Já em adolescente, Gustavo carregava com ele uma conflitualidade, quase poética, de quem não queria trilhar o percurso que para ele tinha sido traçado. Com uma carapaça indomável e um espírito inquieto, Gustavo preferia percorrer o seu próprio caminho, testando os limites de velocidade da sua mota. Ele era daquelas pessoas que bem podia fundir-se com a sua mota. Uma espécie de centauro motorizado, mas com o cabelo do Vanilla Ice. Gustavo era também o rei das pistas de dança. Quando o Fernando me ensinava a dançar Enigma, nós mais não fazíamos do que tentar imitá-lo.

E sempre que via o Gustavo partir na sua mota, eu sabia, tinha a certeza, que nunca o veria, um dia mais tarde, atrás do balcão da Farmácia Moutta. Mas, uma vez mais, e como vai sendo hábito, enganei-me. Estava proclamado. O destino estava traçado.

No final da sua jornada, Rei Édipo vazou os olhos.

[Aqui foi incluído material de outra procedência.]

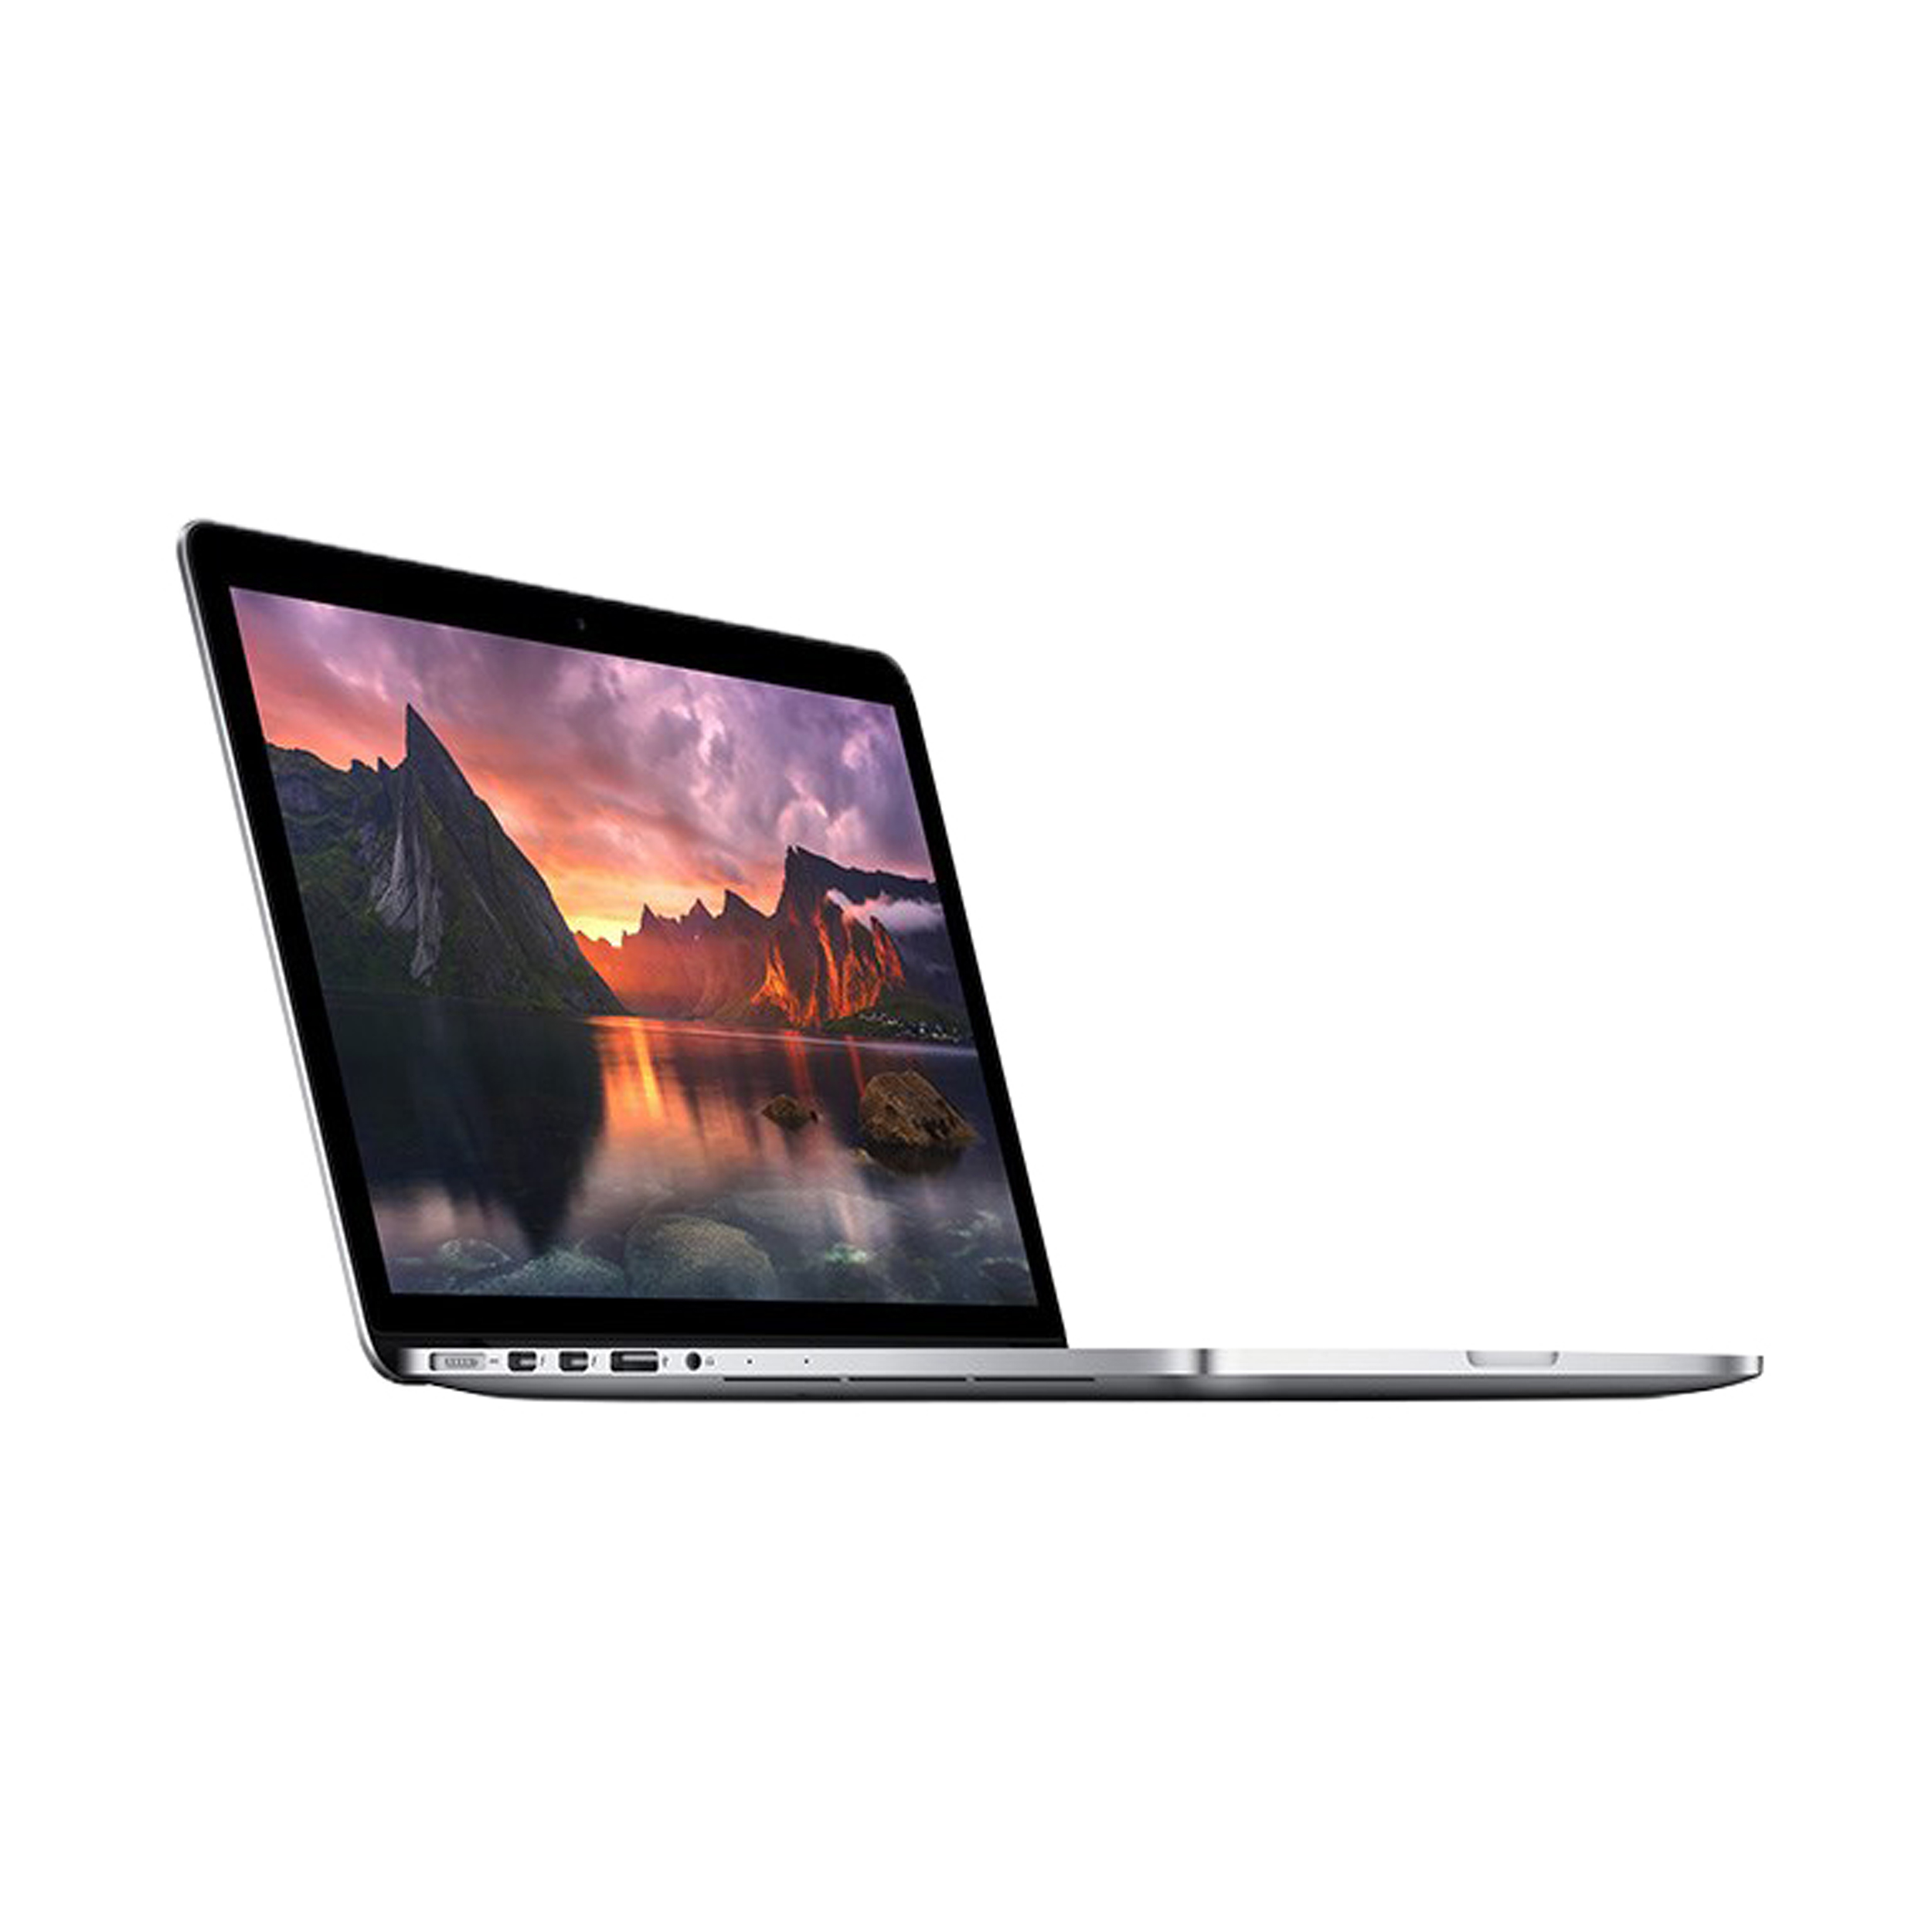 لپ تاپ 13 اینچی اپل مدل MacBook Pro ME864 2013 با صفحه نمایش رتینا

E o Gustavo? Será que já mostra as pernas?

3 comentários:

  1. LLooLL
    Se eu te dissesse a quem já mostrei...
    Claro que sim,basta jogares comigo ténis por exemplo, claro que não jogo de calções ajustados como alguns gayolas que andam por aí, mas pelo menos do joelho para baixo...:-)
    Grande abraço!
    Ps:Isto é tudo verídico!!!!!!!!(como sempre)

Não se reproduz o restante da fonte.